N: He taste my knee.
M: He tasted your knee?
N: Theth, an puppy chase me!
Questions:
1. Are there two past events?
Yes, “taste” and “chase.”
2. Are there more than two events?
No.
This Two-Event Narrative is typical of 2- to 3-year-old children.
Narrative Eleven (2 1/2-year-old boy)
N: ’Member my book? My baby sitter b(r)oke it.
Questions:
1. Are there two past events?
No, only one, “b(r)oke.” Again,
even though the pronunciation is not exactly correct, this is not a
narrative problem.
Although the chart does not depict narratives by such young
children, from the literature review in the paper we found that such
One-Event Narratives were quite normal productions from 2-year-
old children.
Narrative Twelve (3-year-old boy)
N: I go to Janie’s school and da man hid a white rabbit.
Questions:
1. Are there two past events?
Yes, there are two events, “go” and
“hid.” Even though they are not marked morphologically as past
tense, that would be seen as a grammatical issue rather than a
narrative one.
Such Two-Event Narratives are common from 3-year-old children.
Narrative Thirteen (4 1/2-year-old boy)
E: (rubs elbow) Oh, I hurt my elbow.
M: Hurt head. (boy touches head as he says this)
E: You did? Tell me about it.
M: Fell down.
E: Yeah?

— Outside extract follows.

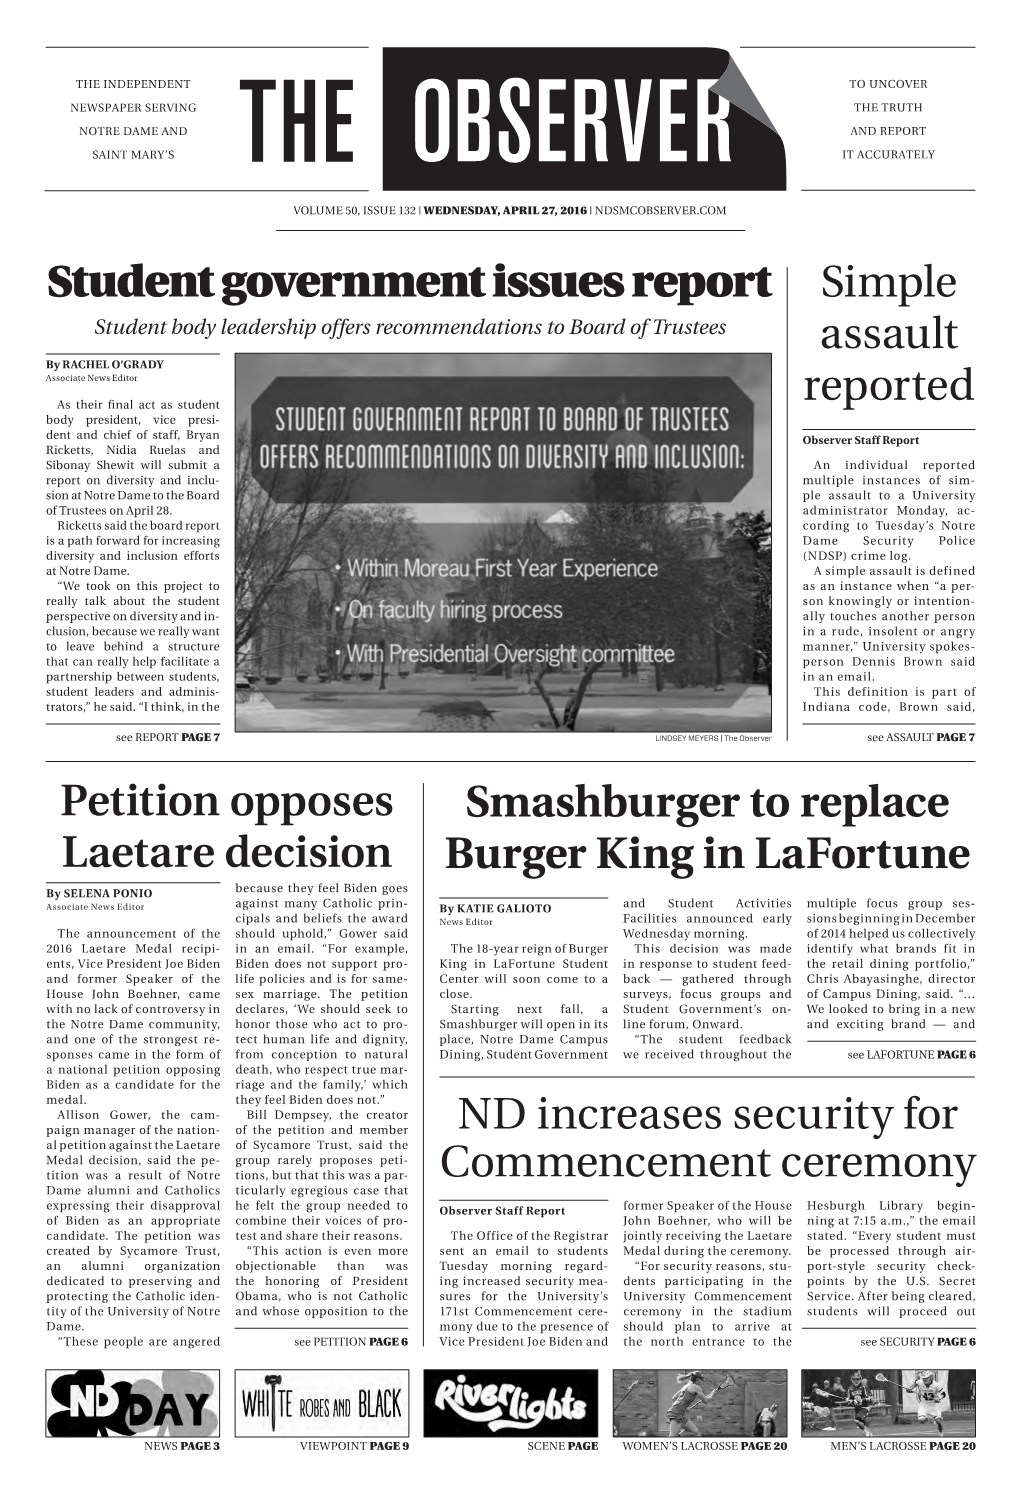 Student Government Issues Report Simple Assault Reported Petition
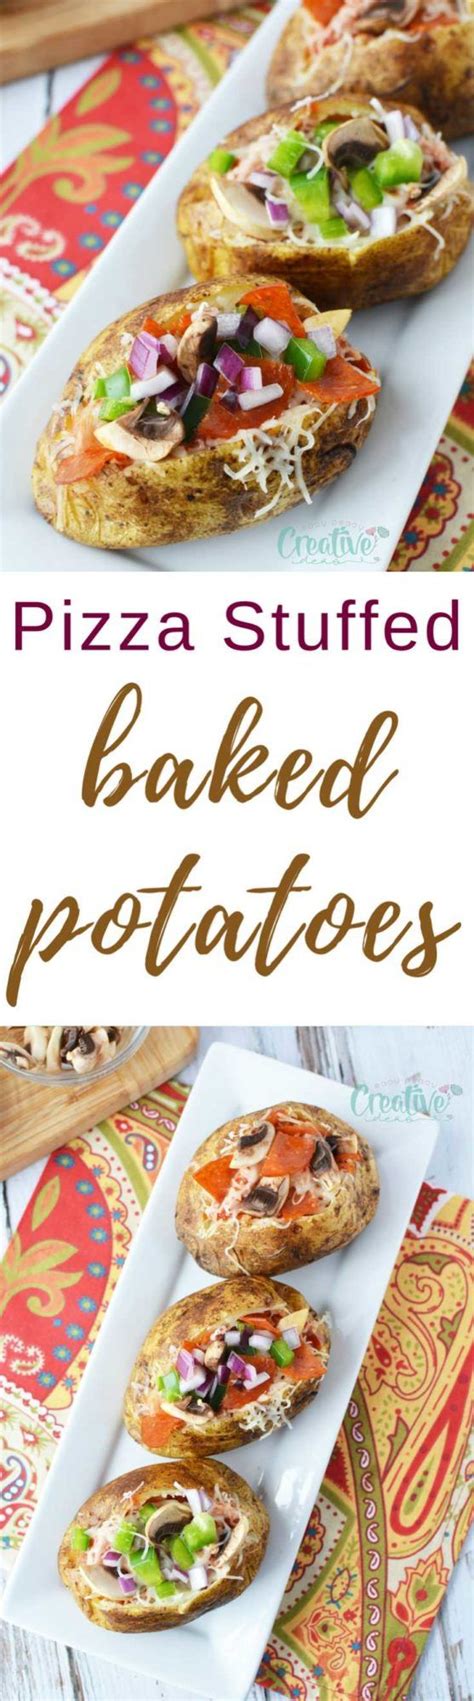 Pizza Stuffed Baked Potatoes Perfect For Any Gatherings Parties Or

What else?
M: That’s all.
Questions:
1. Are there two past events?
Yes, “hurt” and “fell.”
2. Are there more than two events?
No.
This Two-Event Narrative is atypical for a 4 1/2-year-old boy.
Comparison with the other narratives reveals that it is more similar
to the productions of the 2 1/2-year-old (Narrative Ten) or the 3-
year-old (Narrative Twelve) than to the typical multiple-event, Leap-
Frog Narrative told by 4-year-olds (e.g., Narrative Eight). This little
boy is diagnosed as having specific language impairment. His
narrative skills are also delayed, unfortunately.
Appendix
Narrative Eight (4-year-old girl)
E: When I go home I have to visit my aunt who’s in the hospital.
She broke both of her legs. And she has to have them kind of hung
up, suspended from the ceiling with those little wires.
B: She had to have cast on.
E: That’s right.
B: My sister had, she’s had. She broke a arm when she fell in
those mini-bike.
E: Tell me about what happened.
B: She broke her arm. She had, she went to the doctor, so I, my
Dad gave me spanking, and I
E: Your Dad gave you what?
B: A spanking to me.
E: A spanking?
B: Yeah. And she had to go to the doctor to get a cast on. She had
to go get it, get it off and, and it didn’t break again.
E: And then it didn’t break again?
B: No. She still got it off. She can’t play anymore.
E: She can’t play anymore?
B: She can’t play we, she can play rest of us now.
E: Oh good. ... Have you ever had a shot?
B: Mm, she has cast on. When she was home. When she came
back and she, and she, and she hadda go back and, take off the
cast.
E: She had to go back and take off the cast?
B: Yeah. The doctor.
Questions:
1. Are there two past events?
Yes: broke, went, gave, had to go.
came back, had to go and take.
2. Are there more than two such events?
Yes.
3. Is there a logical, perhaps causal sequence to those events in
the real world or could they have occurred in any order?
Yes,
events precipitating an injury and the follow-up treatment have a
tight causal sequence in the real world.
4. Does the narrator’s order of delivering those events mirror the
sequence in which the events must have logically occurred?
No,
narrator jumps around in time and leaves out what we infer was her
iniquitous act that actually caused her sister to fall off her bike and
break her arm.
Thus, this narrative is termed a Leap-Frog Narrative, quite typical
of 4-year-old narration.
Narrative Nine (23-month-old girl)
J: I hied the big boy.
Questions:
1. Are there two past events?
Again, no there is only one event,
and that is an idiosyncratic formation
.
Such One-Event Narratives are really quite good productions for
children not even 2 years old.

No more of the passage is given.